- **Work required**: Could you repeat the entries below exactly, but only from the line with "Buku 34 Benteng Penangkal Setan cover" through the line with "Villas blancas y", and without any picture?

- **Supplied material**:
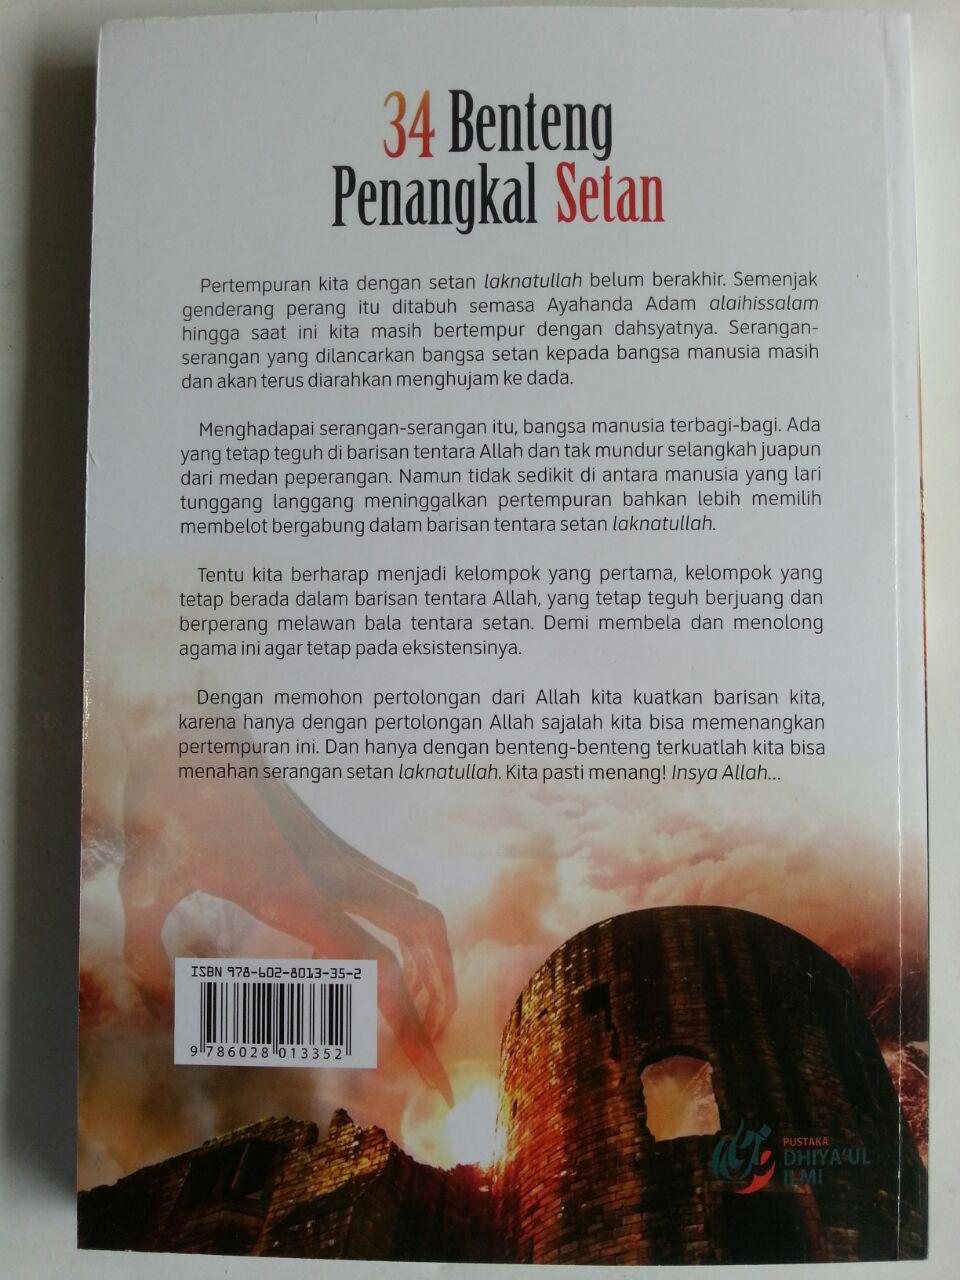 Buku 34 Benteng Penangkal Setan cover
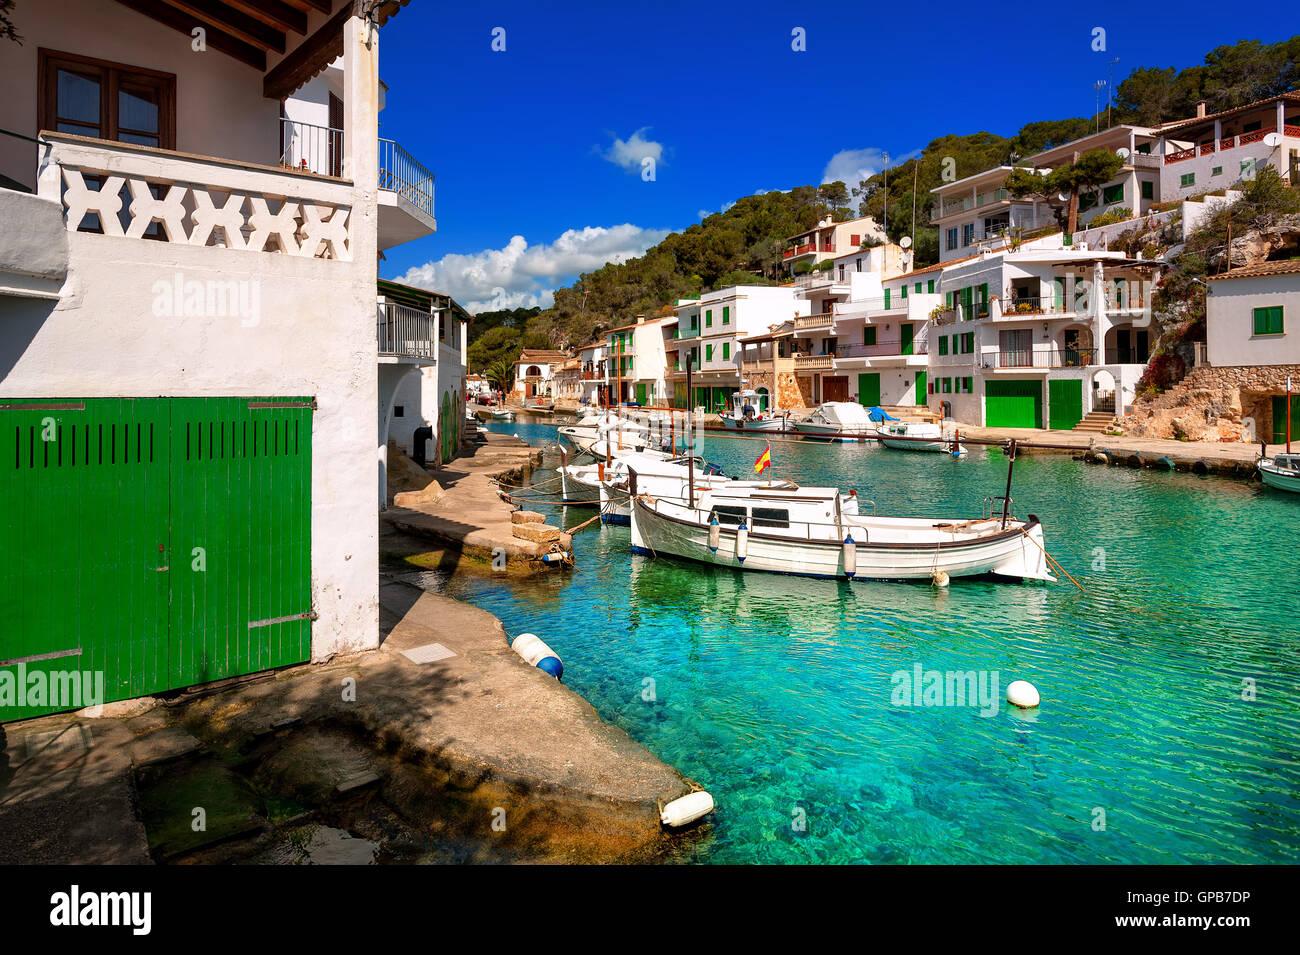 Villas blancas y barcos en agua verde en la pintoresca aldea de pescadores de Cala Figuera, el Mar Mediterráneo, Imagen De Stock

* * *

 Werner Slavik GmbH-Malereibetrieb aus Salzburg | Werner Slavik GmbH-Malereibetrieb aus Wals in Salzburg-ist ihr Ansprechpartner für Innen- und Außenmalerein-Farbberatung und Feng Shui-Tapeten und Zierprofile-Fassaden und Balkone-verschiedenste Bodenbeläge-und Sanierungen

- **Final answer**:
 Buku 34 Benteng Penangkal Setan cover
 Villas blancas y barcos en agua verde en la pintoresca aldea de pescadores de Cala Figuera, el Mar Mediterráneo, Imagen De Stock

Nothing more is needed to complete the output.